Calculus  derivatives
posted by Lucy X on .
Okay, I want to find the derivative of (x^x)^(x^x)...
Well, I already went through the process of finding the derivative of just x^x (I used ln to do this).
This is what I found...
dy/dx = x^x(lnx+1)
So now I want to find the derivative of (x^x)^(x^x) (using ln).
This is what I did...
y = (x^x)^(x^x)
lny = x^xlnx^x
(1/y)(dy/dx) = (d/dx)(x^x)ln(x^x) + (d/dx)ln(x)^x*(x^x)

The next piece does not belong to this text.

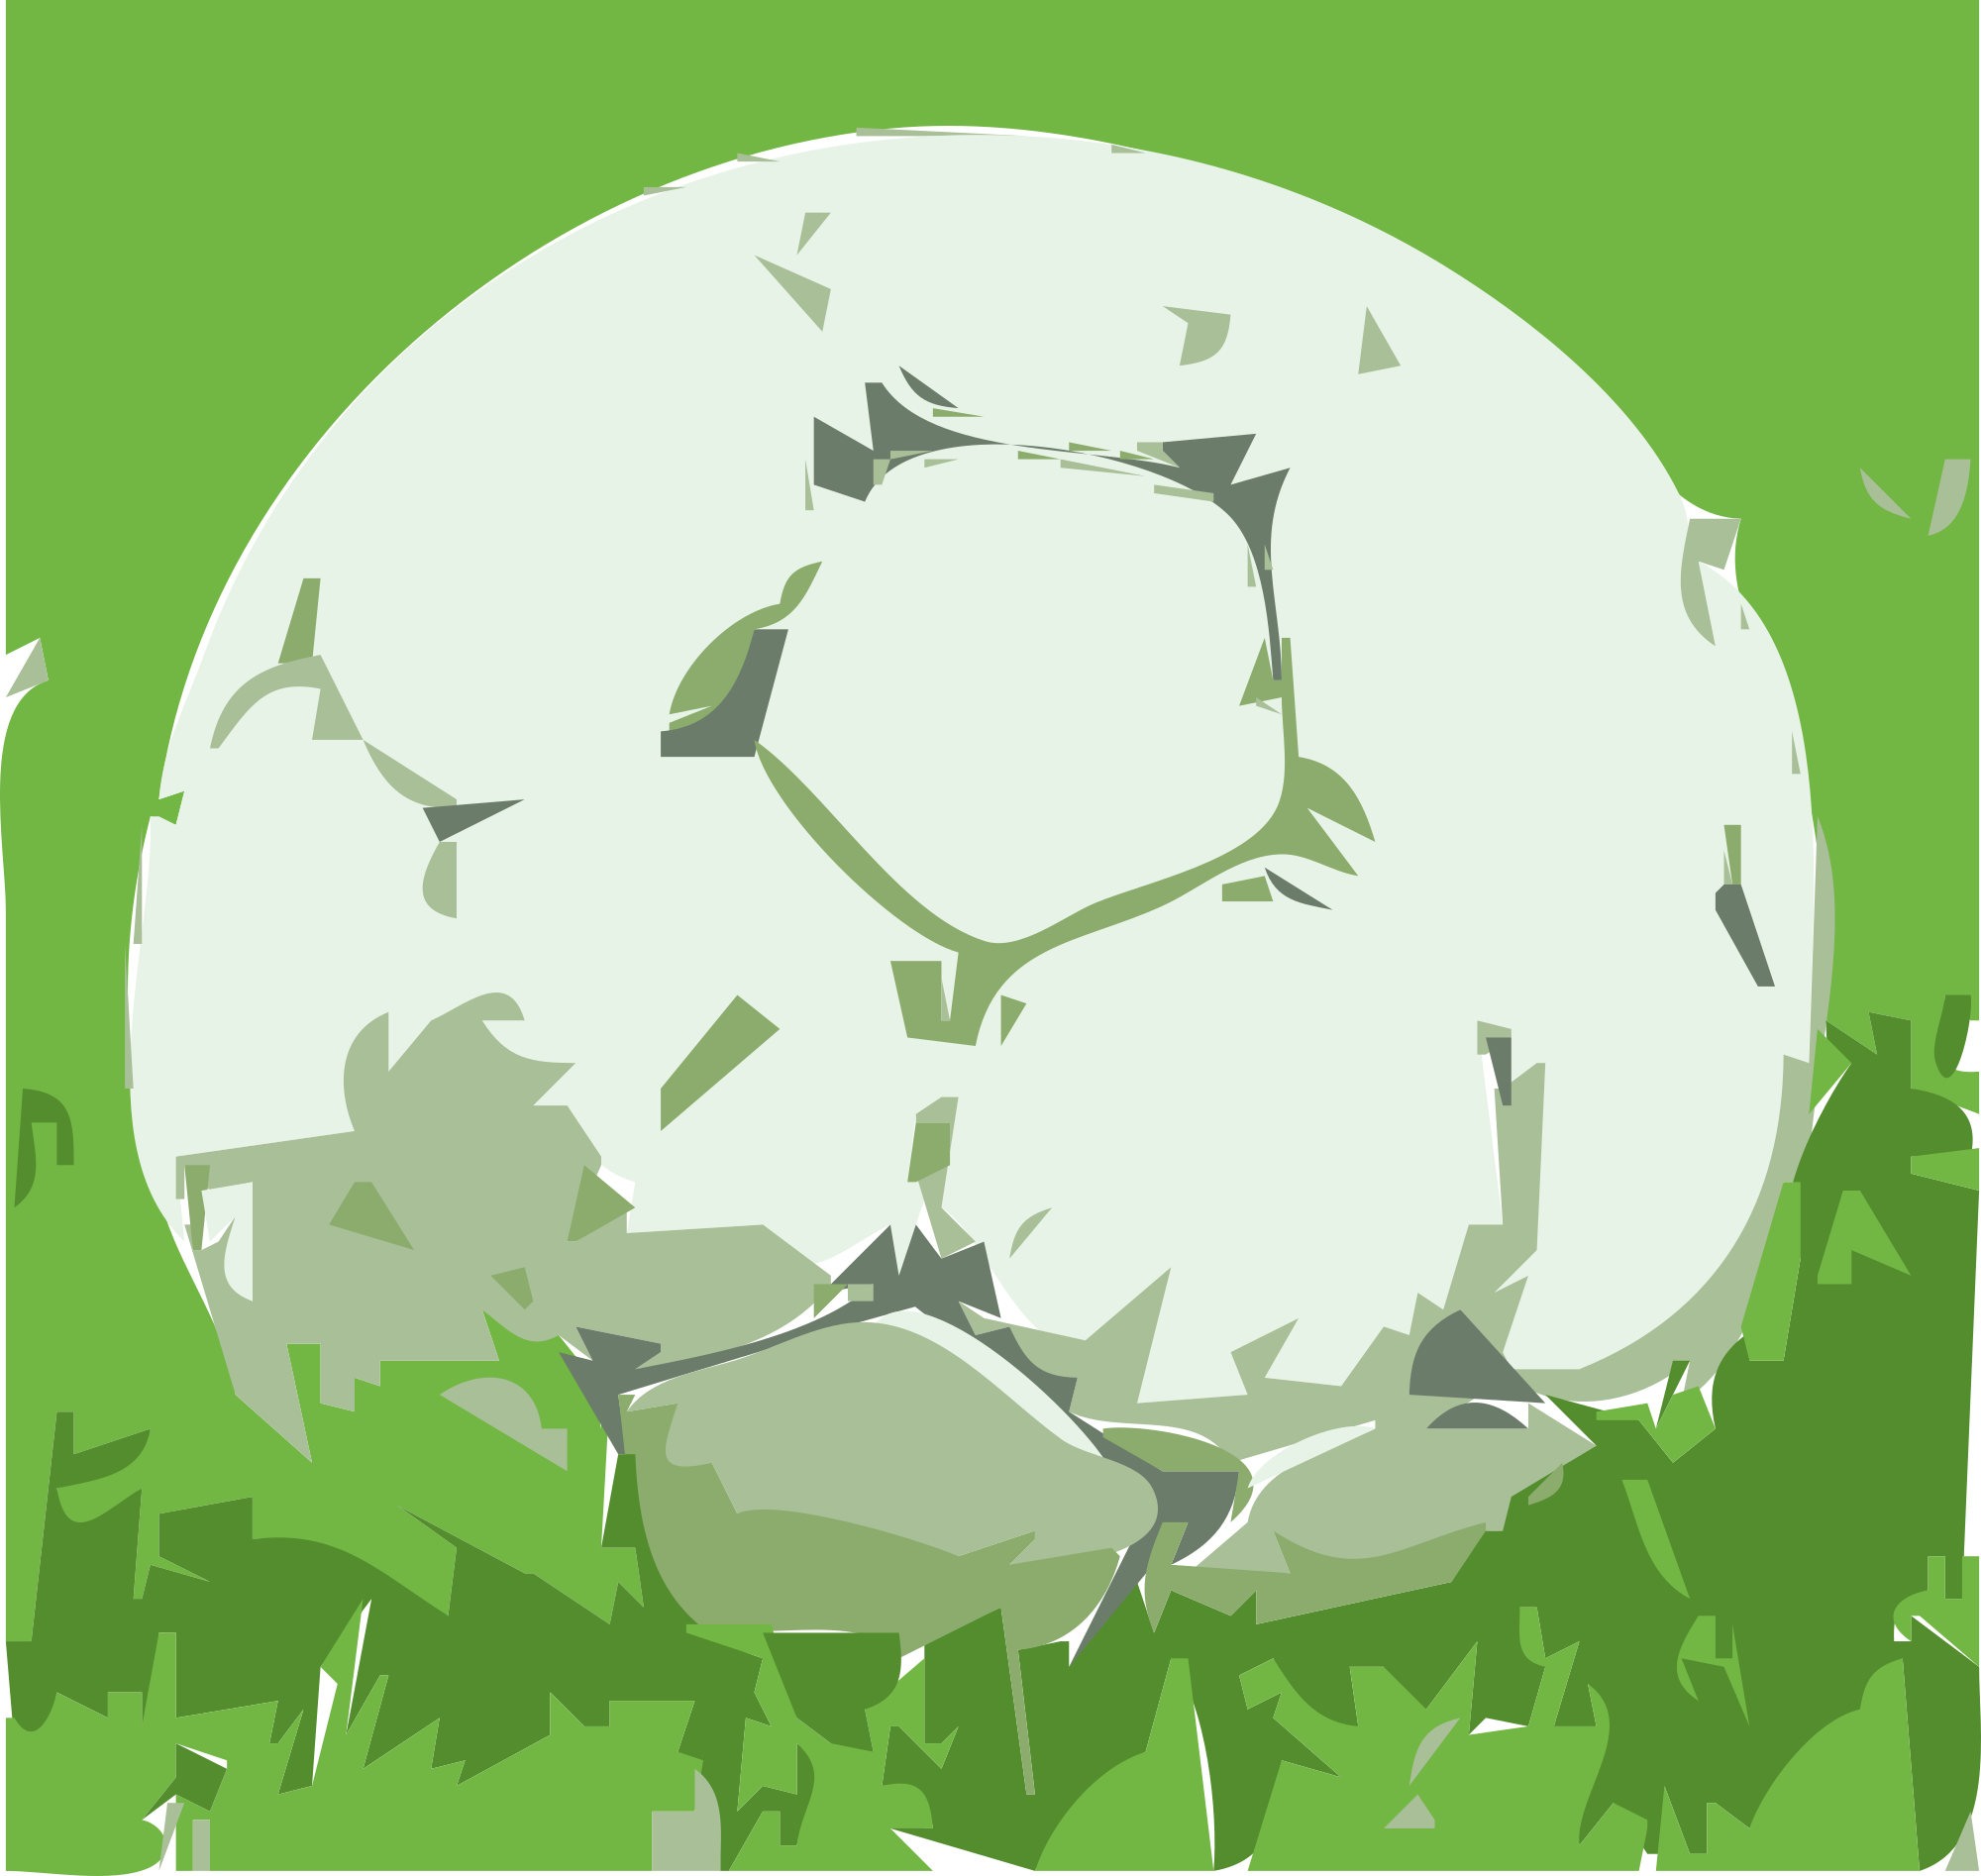 Free soccer ball on grass clipart clipart and vector image

Yeah, I don't know if it is right.
Also, how do I find the derivative of ln(x)^x?
It seems simple enough, but I don't know...

let u=x^{x}
ln(u) = x ln(x)
(1/u)du/dx = ln(x) + 1
du/dx = u (ln(x) + 1)
du/dx = x^{x}(ln(x) + 1)
So this confirms what you've got for
d(x^{x})/dx
To find (x^x)^(x^x), it is not as complicated as it looks once we've got the derivative of x^{x}.
I would start with
u=x^{x} and
du/dx = x^{x}(ln(x) + 1)
Given
y=(x^x)^(x^x)
substitute
u=x^{x}, then
y=u^{u}
ln(y)=u ln(u)
dy/du=u^{u}(ln(u)+1)
dy/dx
=dy/du.du/dx
=u^{u}(ln(u)+1) . x^{x}(ln(x) + 1)
The rest is algebra to eliminate u from the right hand side to get
x^x^x^x(x^{x+1} ln(x)(ln(x)+1)+x^{x}(ln(x)+1))
or in any other equivalent form that you wish.